Faith, hope, charity, these three; but the greatest of these is charity.

Comments

  • Ark_Welder
    Ark_Welder Posts: 1,878 Forumite
    Are financial advisors/fund managers harming your returns?

    Probably not as much as the mamangement of publicy-quoted companies that are rewarded by the over-use of stock options due to performance targets that are mediocre, and that are enhanced by the use of share buybacks that leave the management eventually owning a higher proportion of the company.
    Living for tomorrow might mean that you survive the day after.
    It is always different this time. The only thing that is the same is the outcome.
    Portfolios are like personalities - one that is balanced is usually preferable.



  • Loughton_Monkey
    Loughton_Monkey Posts: 8,913 Forumite
    Part of the Furniture Combo Breaker Hung up my suit!
    'Boy Buffet' does talk some sense, and there's little to disagree with in the snippet above. But it merely scratches the surface, and tends to ignore (typical for Americans) that for the vast majority of the period 1899 to 1999, that the 'Gotrocks' are immune from foreign competition.

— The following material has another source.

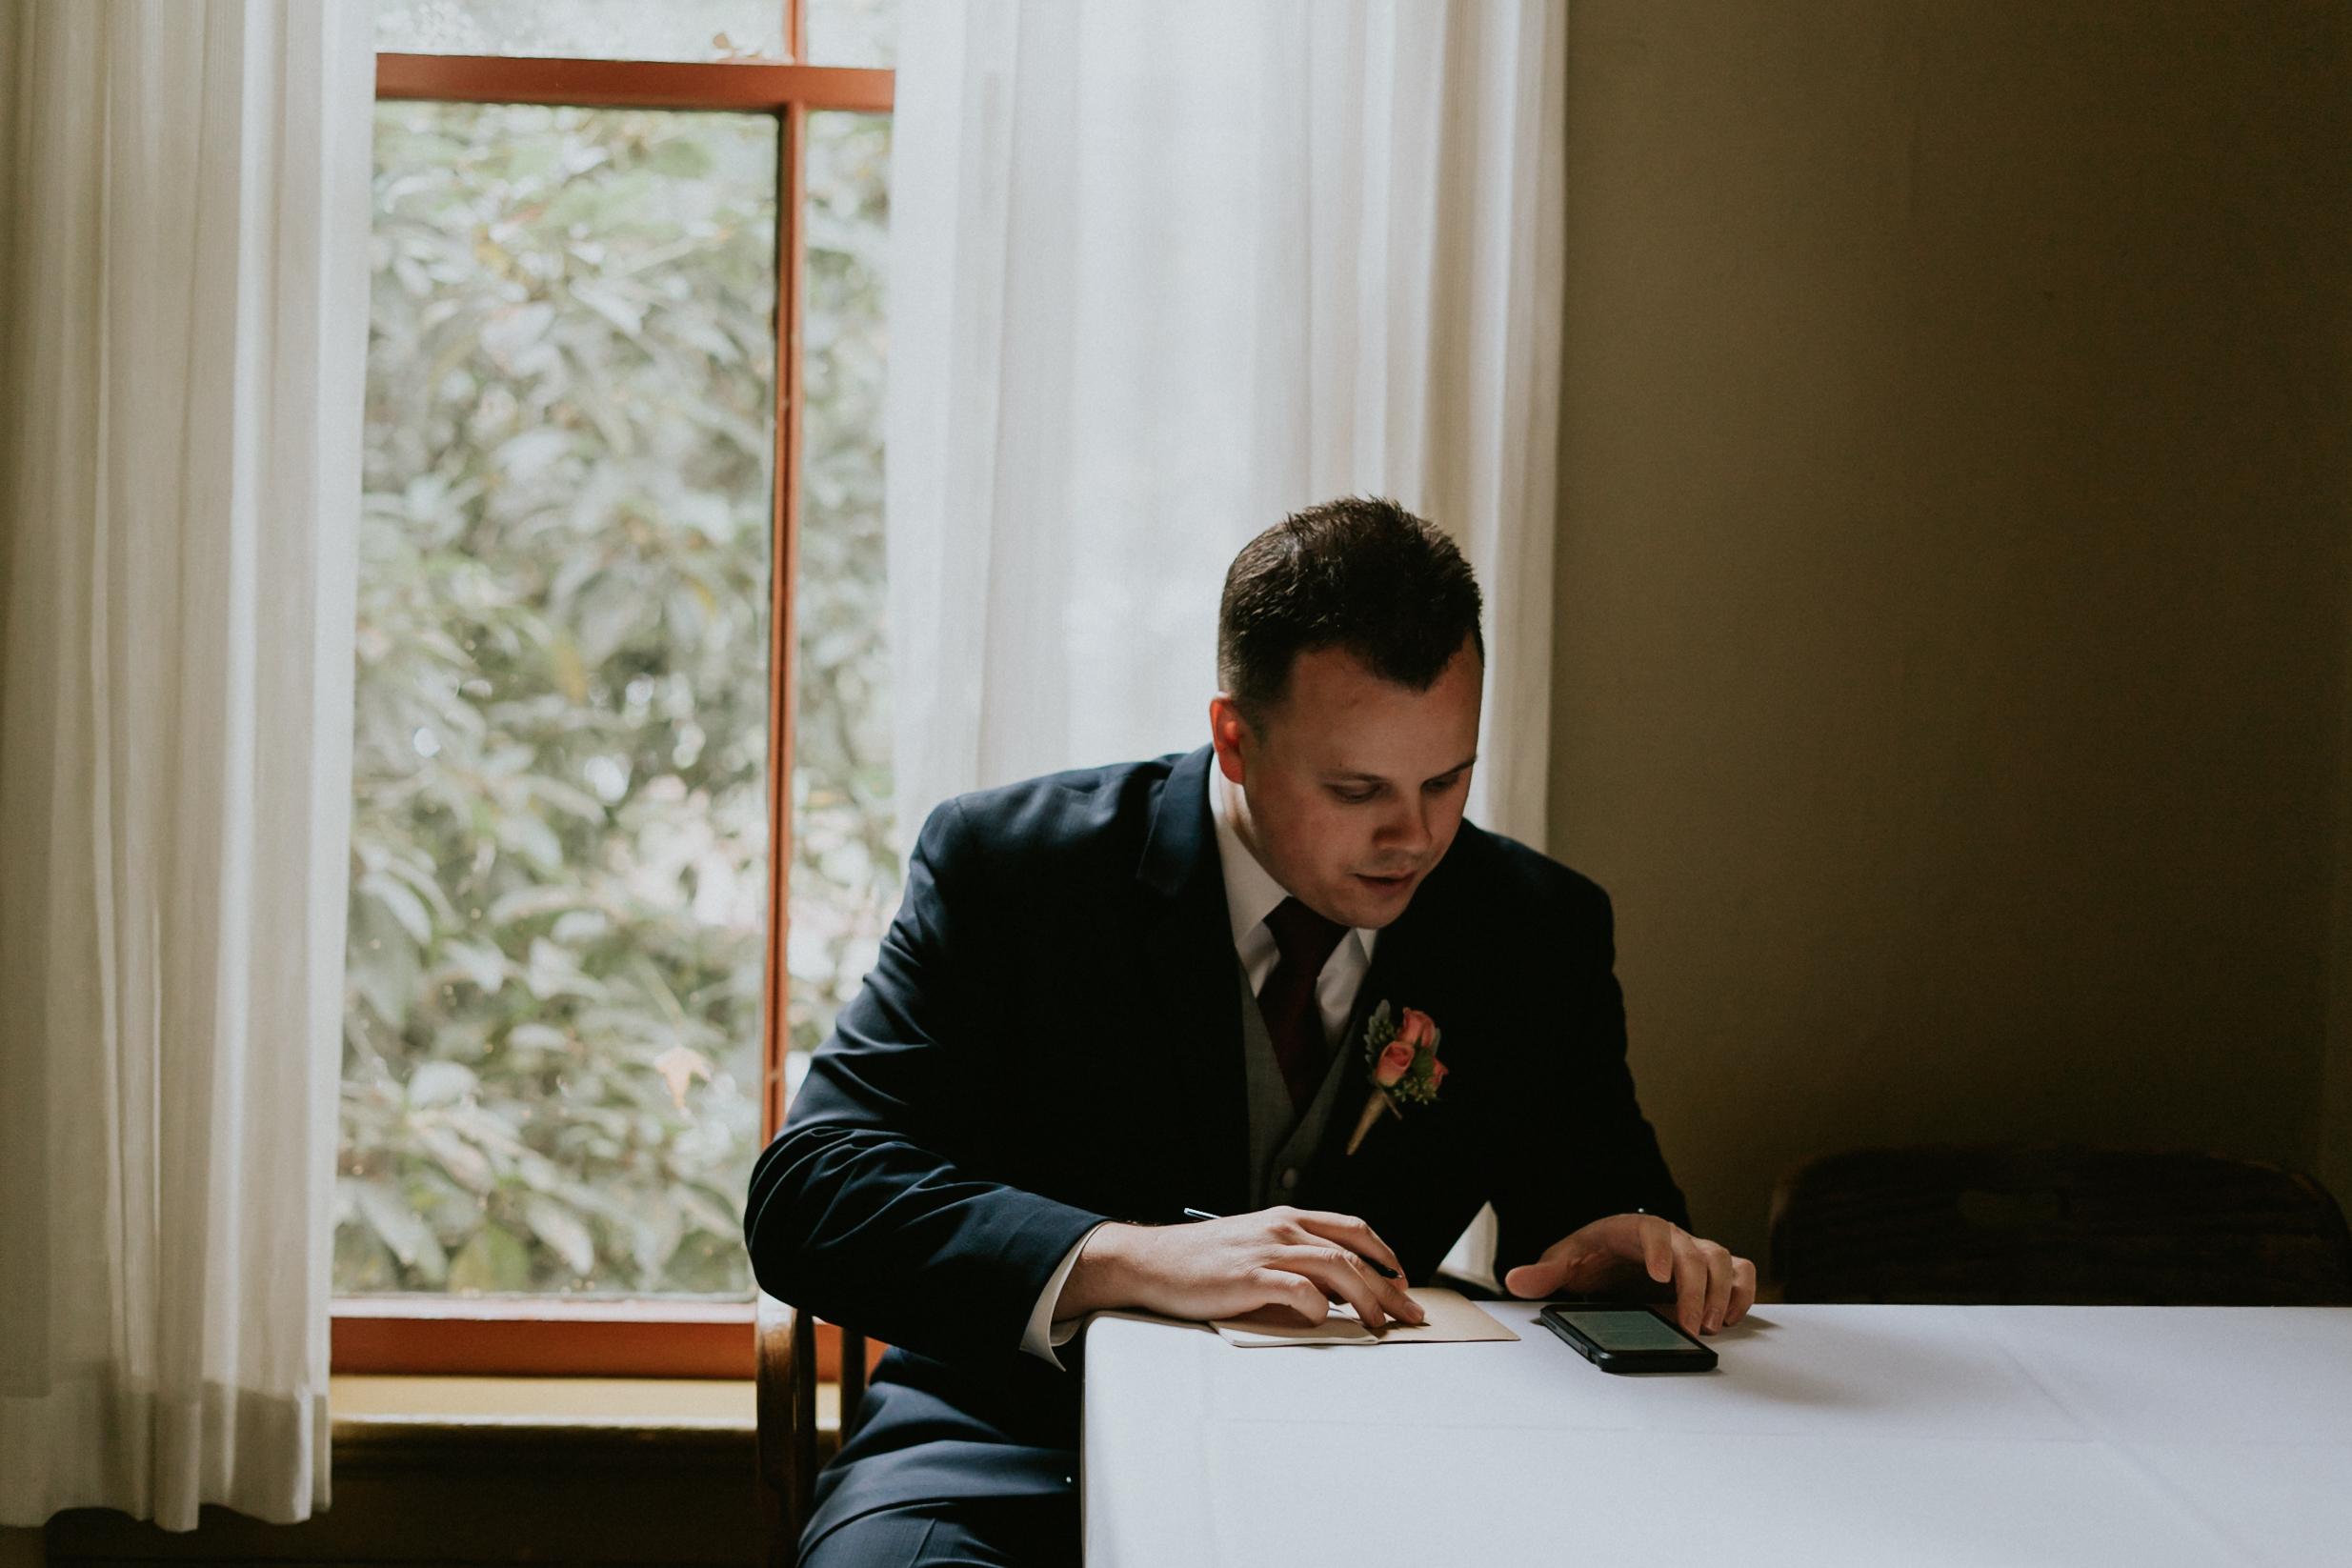 Portland_wedding_photographer_McMenamins_Alfred_Tang-22.jpg

    These days, the 'Gotrocks' have many more 'frictional' strains to put up with:
    • Ever increasing taxation - to rape any profits and spend them on breastfeeding co-ordinators, 'deputy assistant executive road sign positioning liaison officers', and to double the salary package of council leaders......
    • Ever increasing demands to increase exponentially the number of unproductive staff in HR, legal, and PR functions as they are required to prove that the redundancy of every disabled, black, Bangladshi-born, female is exactly to proportional to the similar statistic on over-50 white males born in Wales. And to defend any legal action if it isn't. And to explain to the media how repsonsible they are despite share price tumbling.
    • The increasingly large salaries they have to pay to staff, who, themselves are increasingly taxed to pay so-called 'disability benefit' to thousands of claimants who can't walk across a doctor's floor, but nevertheless can play a good game of football every Saturday, and to shell out another £5K every time a sentimental unmarried mother wishes to hear the patter of tiny feet for the fifth time....
    • Increased competition every time the car factory down the road is 'rescued' by Toyota or Kia, or other businesses rely on Tata or Sony to keep it open to sell goods to the population with profits going abroad.....
    OK, a bit simplistically put, but you get the idea......

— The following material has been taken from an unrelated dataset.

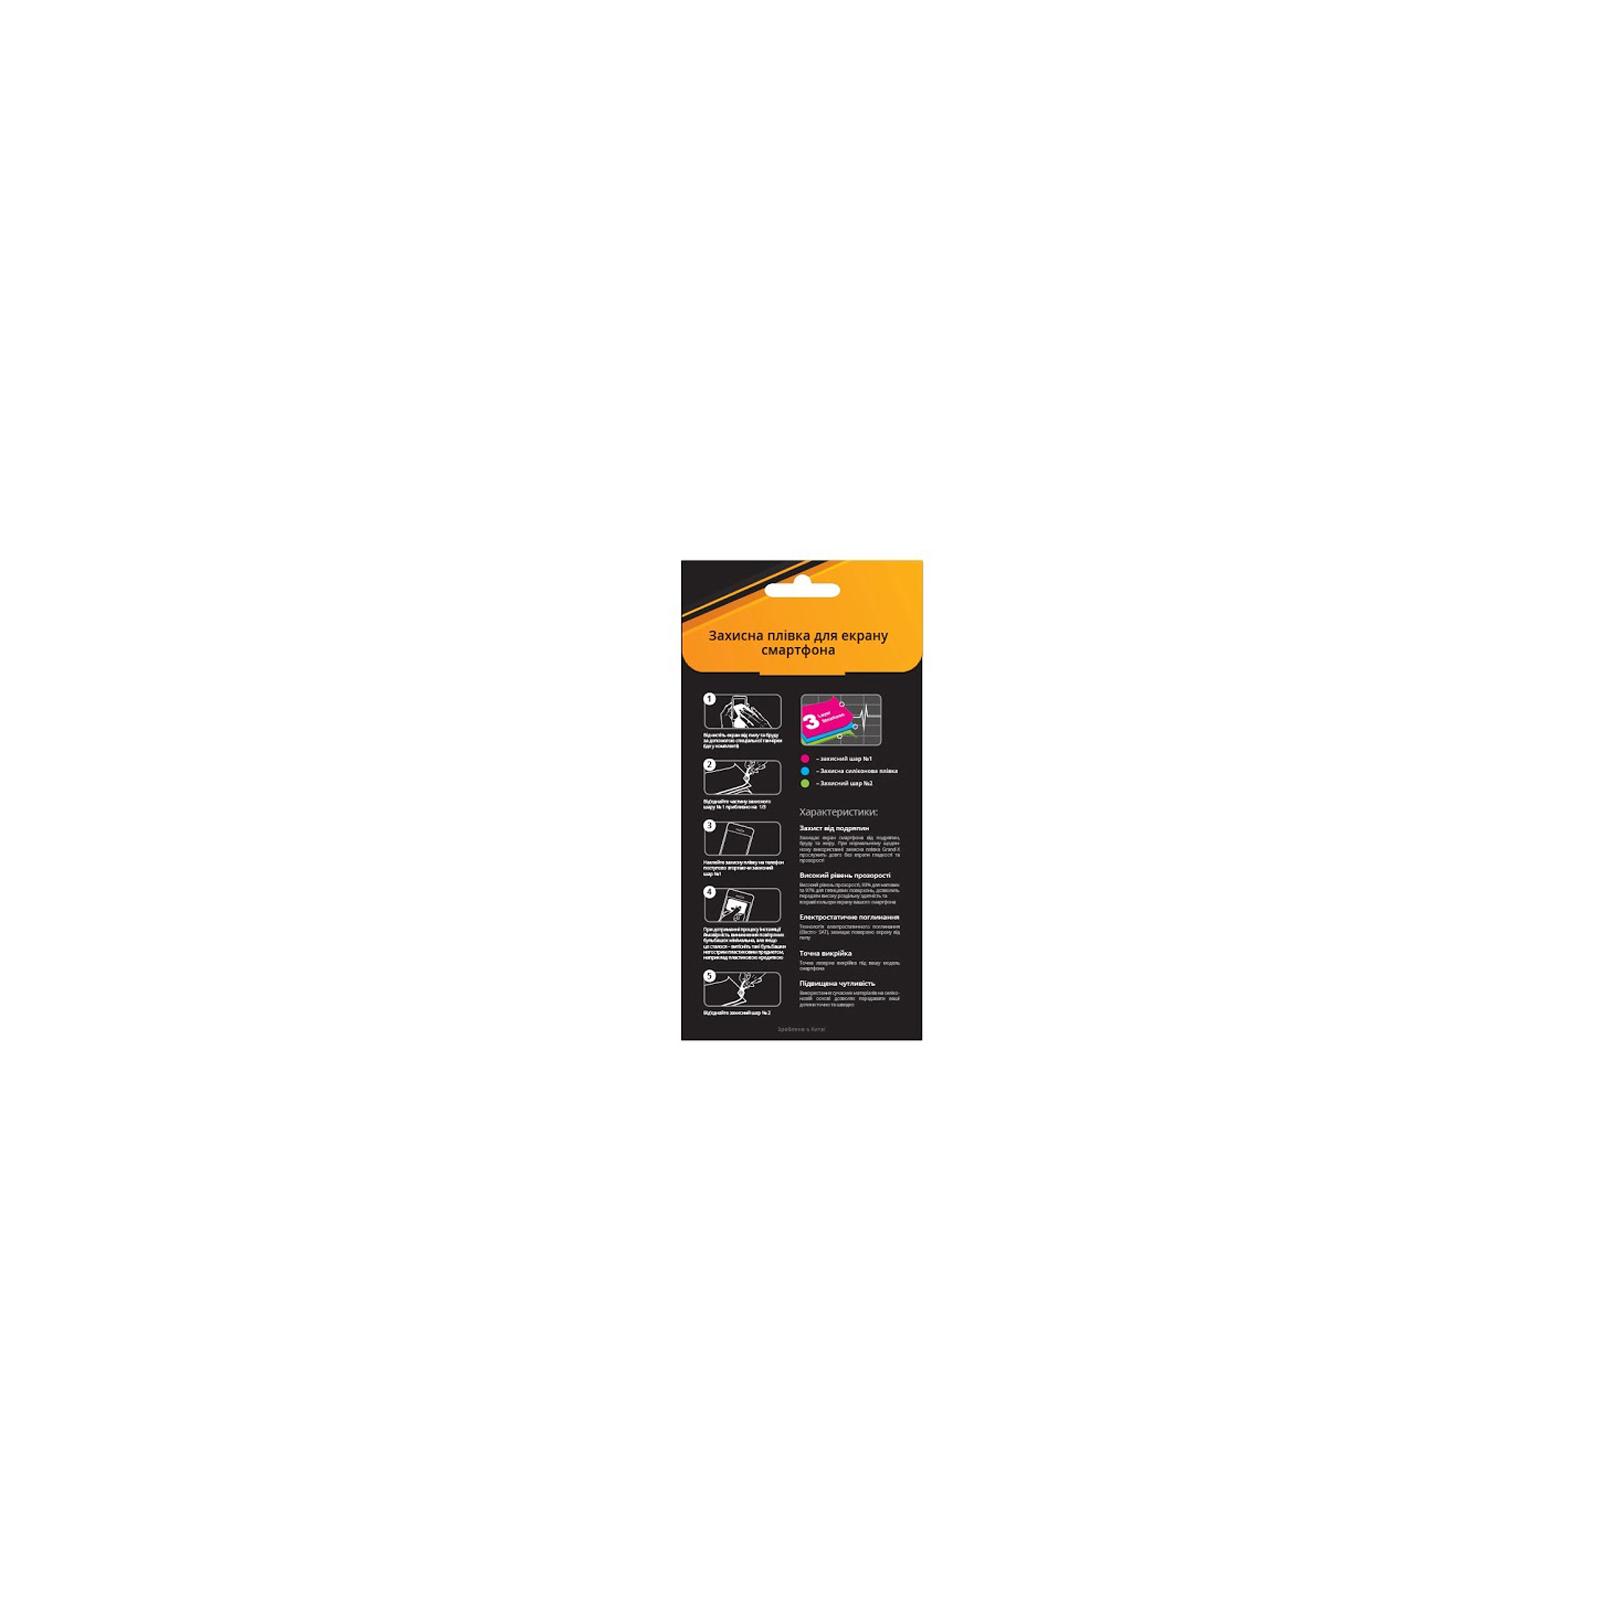 Пленка защитная Grand-X Samsung G900 Galaxy S5 (PZGAGSGS5) изображение 2

    The Gotrocks can refuse to pay helpers if they wish. But I'm afraid the other 'baggage' is rather more compulsory.
  • IronWolf
    IronWolf Posts: 6,445 Forumite
    Part of the Furniture 1,000 Posts Name Dropper Combo Breaker
    Hey did another article about the US trade deficit, with another simple analogy of two islands which both farm food for themselves.
    Faith, hope, charity, these three; but the greatest of these is charity.
  • Now if you want a good argument for active management, I feel it essential to mention Invesco Perpetual High Income.......

    [Sorry. Must go. I need a drink].
  • fairleads
    fairleads Posts: 595 Forumite
    Hammer - nail - head.
    Nice one Ironwolf.
  • poacherp
    poacherp Posts: 1,696 Forumite
    darkpool wrote: »
    nice post IW. i've always thought managed funds etc were for 'tards.

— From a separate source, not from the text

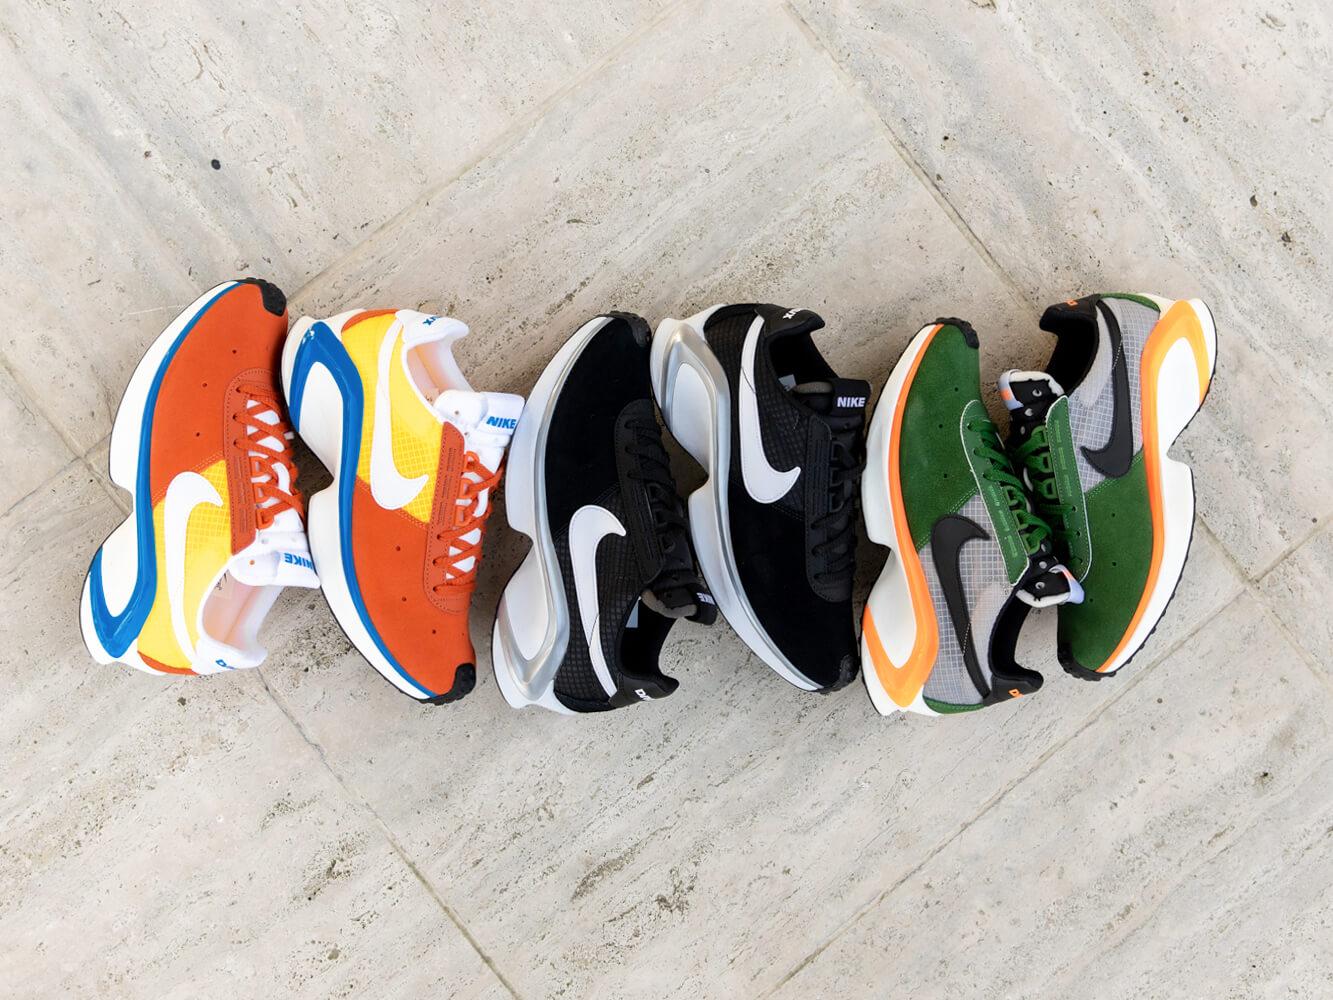 recinto Colgar Humillar  Sneaker District online shop - Livraison gratuite NL/BE/DE/FR

    i just bet some simpleton will mention "perpetual high income" in this thread as an argument for active management.

    The 'simpleton' has already mentioned it!! ;)
  • Loughton_Monkey
    Loughton_Monkey Posts: 8,913 Forumite
    Part of the Furniture Combo Breaker Hung up my suit!
    poacherp wrote: »
    The 'simpleton' has already mentioned it!! ;)

    I mention a lot of things. Just by coincidence, here's one of them (written before my post above):
    Indeed. As I have learned recently, irony and metaphors are not readily understood on these forums. I blame the army of 'school curriculum review and consultancy co-ordination assistants' for not having the subject of 'irony' taught in schools.